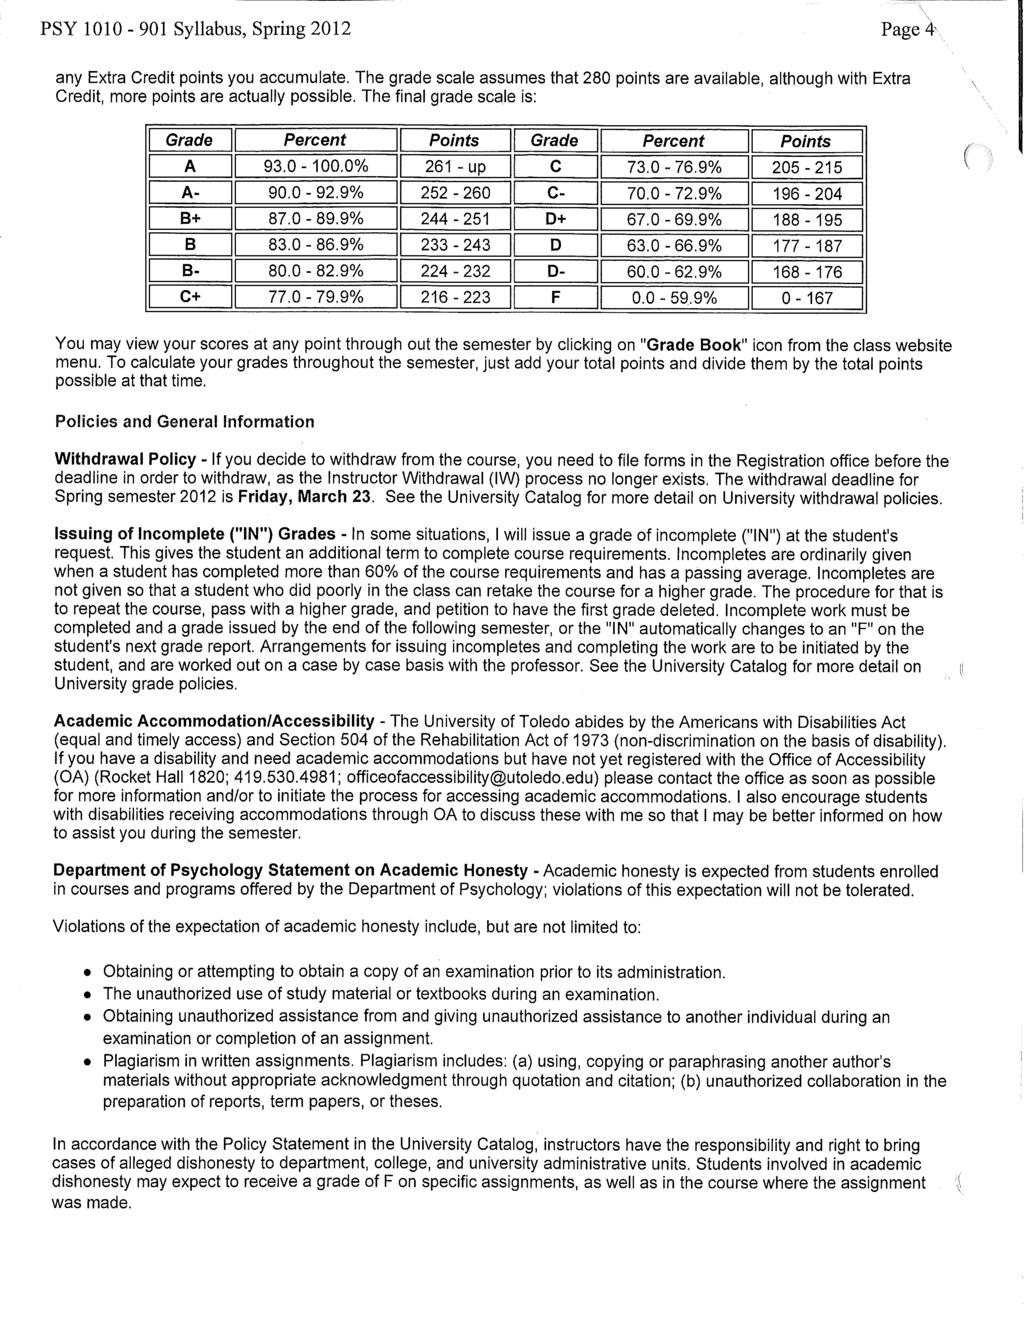 PSY 1010-901 Syllabus, Spring 2012 Page 4' any Extra Credit points you accumulate. The grade scale assumes that 280 points are available, although with Extra Credit, more points are actually possible.
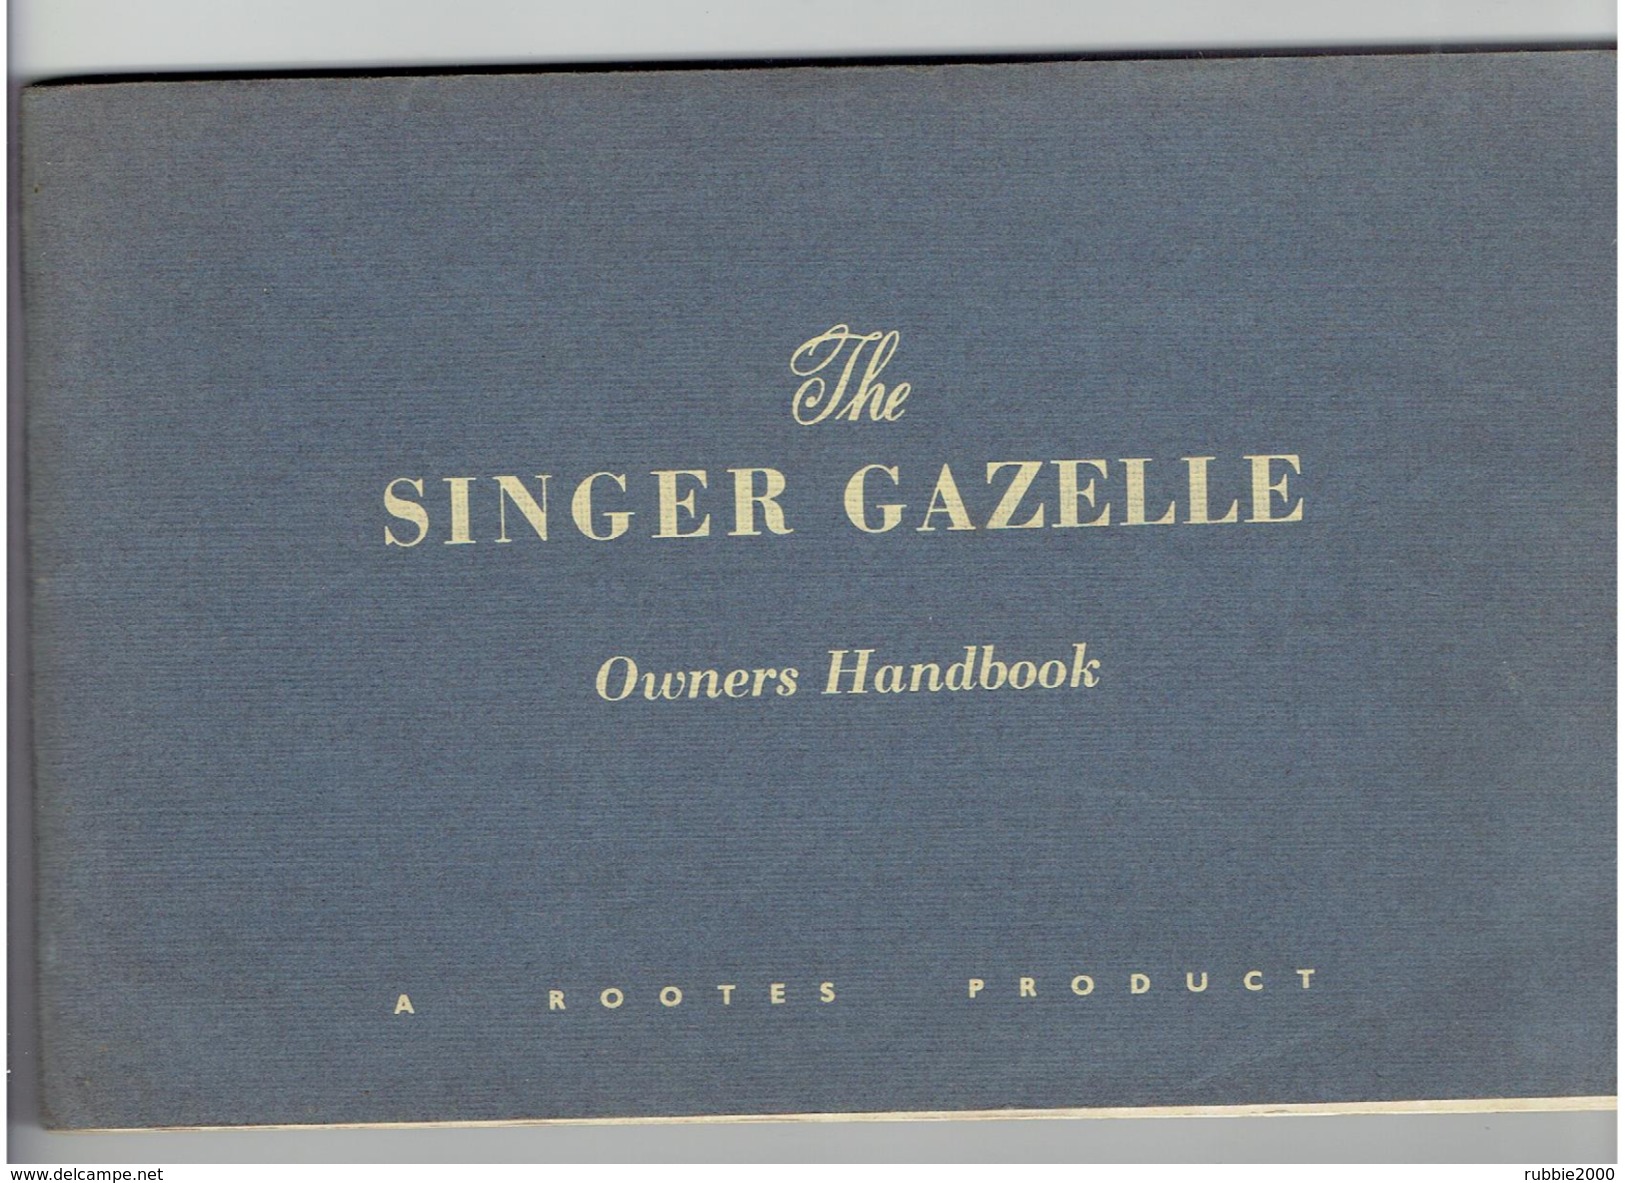 THE SINGER GAZELLE OWNERS HANDBOOK ISSUED 1958 SINGER MOTORS LIMITED COVENTRY ENGLAND A ROOTES PRODUCT - Transportation
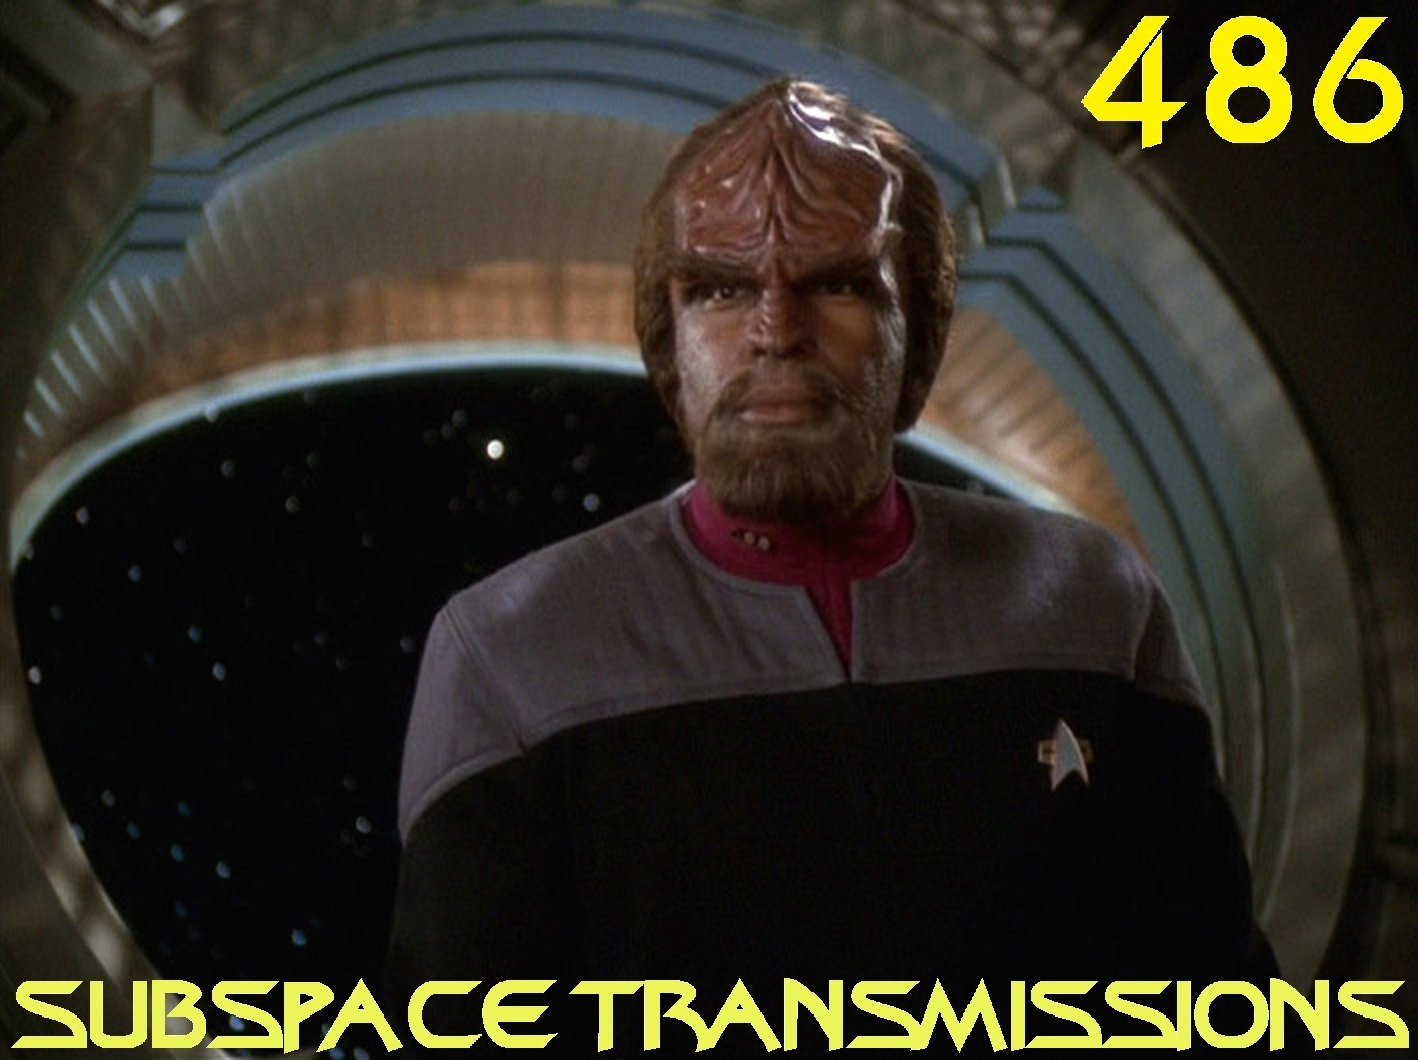 The Journey of Worf (#486)

■ ■ ■ ■ ■ ■ ■

**Exercise aim:** An exact reproduction of the data above is required, with every picture removed.

**Exercise output:**
 PSY 1010-901 Syllabus, Spring 2012 Page 4' any Extra Credit points you accumulate. The grade scale assumes that 280 points are available, although with Extra Credit, more points are actually possible.
 THE SINGER GAZELLE OWNERS HANDBOOK ISSUED 1958 SINGER MOTORS LIMITED COVENTRY ENGLAND A ROOTES PRODUCT - Transportation
 The Journey of Worf (#486)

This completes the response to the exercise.